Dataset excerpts
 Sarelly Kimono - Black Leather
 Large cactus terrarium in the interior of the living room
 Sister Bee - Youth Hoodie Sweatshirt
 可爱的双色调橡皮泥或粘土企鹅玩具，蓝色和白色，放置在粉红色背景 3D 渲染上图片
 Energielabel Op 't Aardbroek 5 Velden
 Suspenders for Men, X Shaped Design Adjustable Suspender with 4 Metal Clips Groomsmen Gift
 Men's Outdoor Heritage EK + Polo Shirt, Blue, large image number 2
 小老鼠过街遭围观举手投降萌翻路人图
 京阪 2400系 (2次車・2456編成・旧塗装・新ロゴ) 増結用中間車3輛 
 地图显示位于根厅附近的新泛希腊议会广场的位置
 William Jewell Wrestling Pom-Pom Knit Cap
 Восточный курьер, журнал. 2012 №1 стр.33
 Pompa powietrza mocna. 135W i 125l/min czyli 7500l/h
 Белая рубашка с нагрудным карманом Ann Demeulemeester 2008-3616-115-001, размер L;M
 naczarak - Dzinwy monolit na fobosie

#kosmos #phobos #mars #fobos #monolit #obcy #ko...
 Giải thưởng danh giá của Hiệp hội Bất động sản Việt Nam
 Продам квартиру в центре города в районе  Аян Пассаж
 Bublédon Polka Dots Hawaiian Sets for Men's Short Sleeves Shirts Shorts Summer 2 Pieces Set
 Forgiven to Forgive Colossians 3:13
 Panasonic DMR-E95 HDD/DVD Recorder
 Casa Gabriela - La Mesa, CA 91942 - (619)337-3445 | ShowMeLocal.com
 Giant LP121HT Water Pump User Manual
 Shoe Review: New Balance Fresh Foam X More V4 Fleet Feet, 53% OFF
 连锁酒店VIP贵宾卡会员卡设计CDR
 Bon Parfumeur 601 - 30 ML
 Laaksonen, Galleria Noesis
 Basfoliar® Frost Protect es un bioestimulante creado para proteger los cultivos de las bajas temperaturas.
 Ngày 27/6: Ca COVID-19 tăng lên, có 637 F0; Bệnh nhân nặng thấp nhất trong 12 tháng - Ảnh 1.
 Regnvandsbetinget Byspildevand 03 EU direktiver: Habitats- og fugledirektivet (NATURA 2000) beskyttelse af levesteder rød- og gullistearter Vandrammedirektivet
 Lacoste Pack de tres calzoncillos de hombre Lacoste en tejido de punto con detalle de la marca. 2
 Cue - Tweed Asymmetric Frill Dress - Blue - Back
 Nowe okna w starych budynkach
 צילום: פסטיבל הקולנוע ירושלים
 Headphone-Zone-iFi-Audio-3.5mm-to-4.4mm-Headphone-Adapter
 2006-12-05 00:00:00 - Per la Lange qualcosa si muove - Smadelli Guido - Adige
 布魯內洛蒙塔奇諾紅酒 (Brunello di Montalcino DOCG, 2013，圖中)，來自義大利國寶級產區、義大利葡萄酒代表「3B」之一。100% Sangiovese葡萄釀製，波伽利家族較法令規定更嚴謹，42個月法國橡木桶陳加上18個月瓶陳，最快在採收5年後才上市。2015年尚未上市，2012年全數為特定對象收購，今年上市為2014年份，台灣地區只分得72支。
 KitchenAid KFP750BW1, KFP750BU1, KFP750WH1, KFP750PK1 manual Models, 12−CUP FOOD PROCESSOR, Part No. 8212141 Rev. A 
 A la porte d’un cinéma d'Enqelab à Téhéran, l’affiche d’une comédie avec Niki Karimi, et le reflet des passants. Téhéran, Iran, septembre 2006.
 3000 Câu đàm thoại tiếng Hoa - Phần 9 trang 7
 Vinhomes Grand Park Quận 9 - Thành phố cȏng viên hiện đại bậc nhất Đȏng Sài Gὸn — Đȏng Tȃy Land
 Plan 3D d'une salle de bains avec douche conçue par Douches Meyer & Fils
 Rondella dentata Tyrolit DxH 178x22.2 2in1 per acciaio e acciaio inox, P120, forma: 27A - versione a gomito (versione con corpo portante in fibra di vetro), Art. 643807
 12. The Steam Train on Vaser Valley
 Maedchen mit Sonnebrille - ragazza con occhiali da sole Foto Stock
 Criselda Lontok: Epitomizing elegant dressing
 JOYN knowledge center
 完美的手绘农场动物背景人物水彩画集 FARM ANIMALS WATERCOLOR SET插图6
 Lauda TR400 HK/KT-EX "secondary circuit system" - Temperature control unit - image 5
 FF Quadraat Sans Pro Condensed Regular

Task statement
Search the records for the string "monolit", and copy every line that holds it.

Written response
 naczarak - Dzinwy monolit na fobosie
#kosmos #phobos #mars #fobos #monolit #obcy #ko...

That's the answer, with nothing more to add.